Many of you will know what I am talking about. For those of you who don’t, let me quickly fill you in.
Craft malting is the barley equivalent of craft beer. Small scale, more traditional approaches to malting barley to create a range of flavours and aromas. To quickly take another step back, malting is the process of preparing barley (or any grain) for beer production. It basically starts the germination process then halts it, which develops the much desired sugars yeast loves. Different approaches to kilning and roasting can create a wide range of malts that offer a myriad of flavours and aromas.
Craft brewing started to explode in the U.S. a few years ago and there are currently about 50 craft maltsters in that country. Alberta got its first craft malthouse last year – Red Shed Brewing just outside Red Deer. Those tied into the craft beer industry have known about Red Shed for months, but I think the average craft beer drinker is still yet to learn about them. Hence the column. I make a point of profiling Red Shed and the Hamill brothers to give people a sense of what their story is (listen to the column here).
But wait! There’s more!
Within the next year or so, Alberta will see another 4 craft maltsters open up.There is Hogarth Malting in Olds who will be the first in Alberta to produce floor-malted malt. Floor-malting is an older, more traditional (and more labour intensive) malting process. Then there is Origin Malting in Strathmore, Heritage Malting in Calgary and Hobo Malt in Beiseker, who all hope to open up in the next 6-18 months.
Why should we care about craft malting? I think for three reasons.
First, it is an extension of local. Red Shed uses barley from its own family farm and other barley farmers near by, meaning the malt never goes more than a couple hundred kilometres to reach your glass.Your beer becomes that much more local.

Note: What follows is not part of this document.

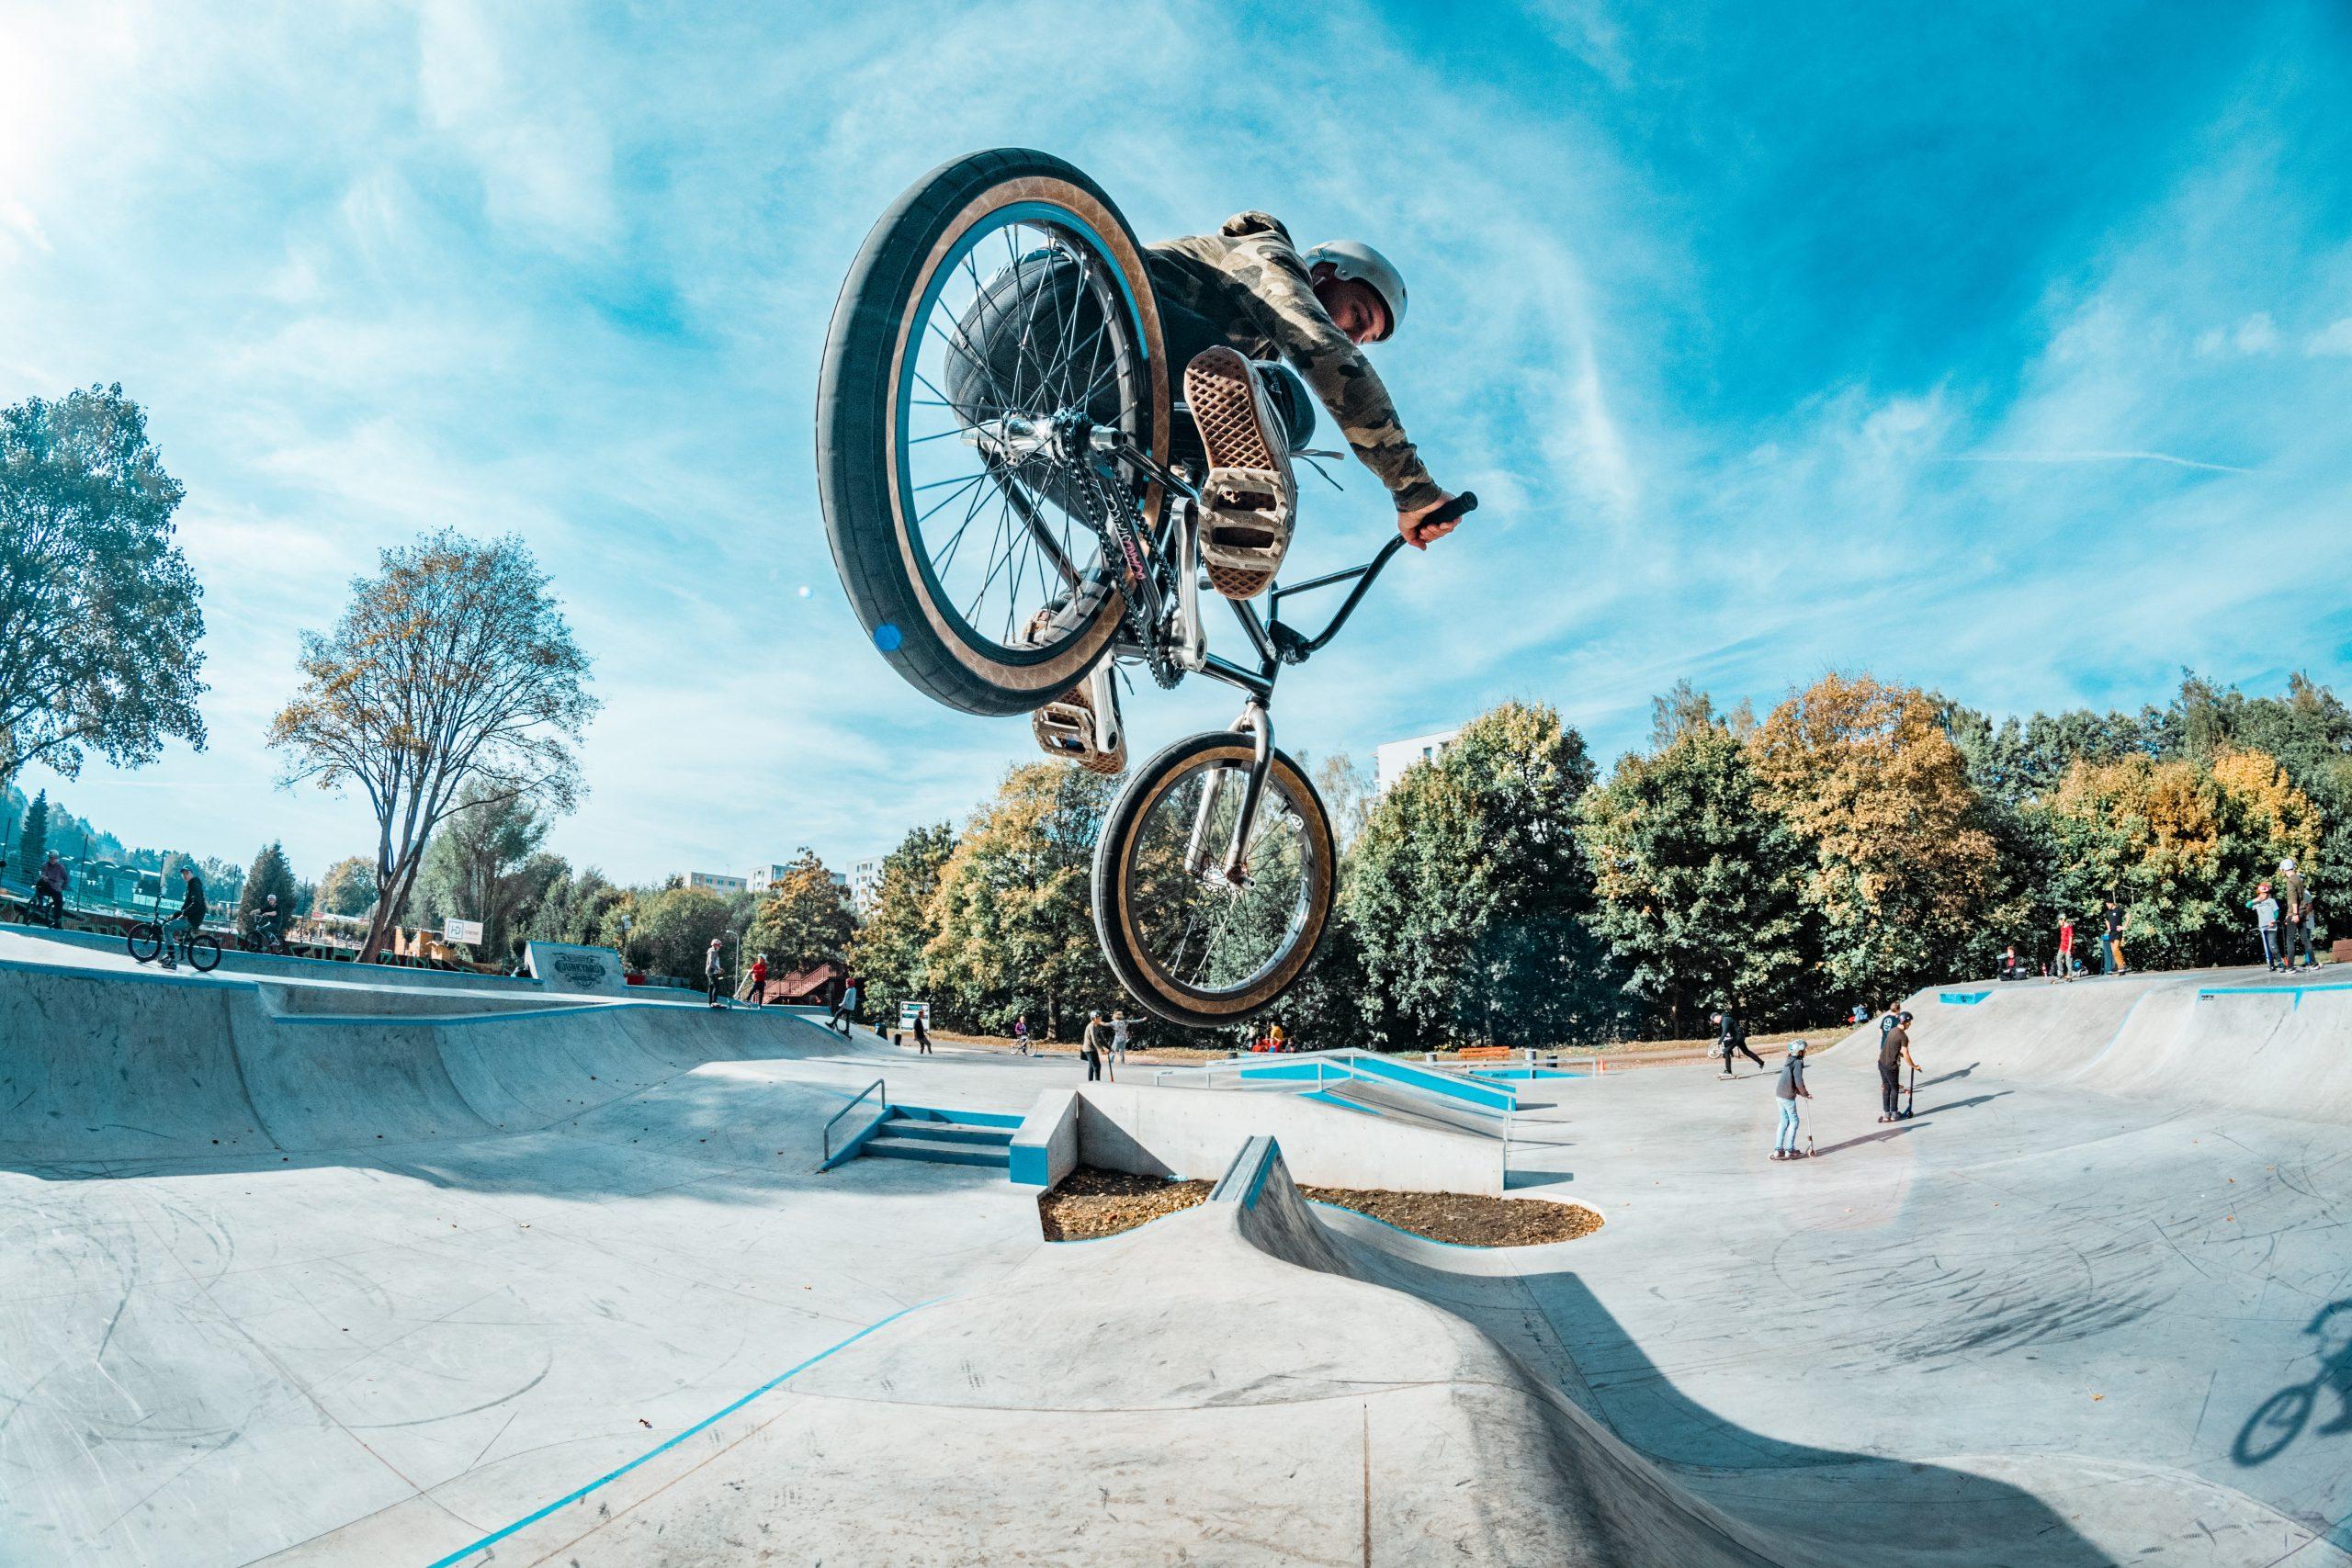 chico en parque de skate con bmx

Second, it bypasses the big maltsters. Don’t get me wrong the big operators like Rahr and Canada Malting make excellent product and they are not nearly as corporatized as the beer end of the industry. Still, they make large quantities of the same malt designed for the big breweries. That is not a criticism, it is where the market is. The size difference between them and Red Shed, for example, is stunning. Red Shed can produce up to 5 tonnes per week. Rahr in nearby Alix? 3,000 tonnes per week. The scale simply is beyond fathom. Which is Red Shed’s advantage. What they lose in economics of scale, they gain in flexibility and being able to experiment. It is just a way to insert diversity into the market.
Third, it gives more room for brewers to experiment with different flavours and aromas. They can get a one-off batch of malt for a seasonal to create something that they couldn’t have made before and likely won’t again in the future. The craft brewsters are likely not going to be a substantial part of a brewery’s regular line-up, they can’t produce enough. They are ideal for one-offs, seasonals and interesting experiments, like Troubled Monk’s Golden Gaetz malt experiment (which I wrote about here).
Most consumers may never know what impact craft maltsters will have in their beer. But they should. Craft malting has great potential to contribute big things to Alberta-made beer. I look forward to it and I think you should too.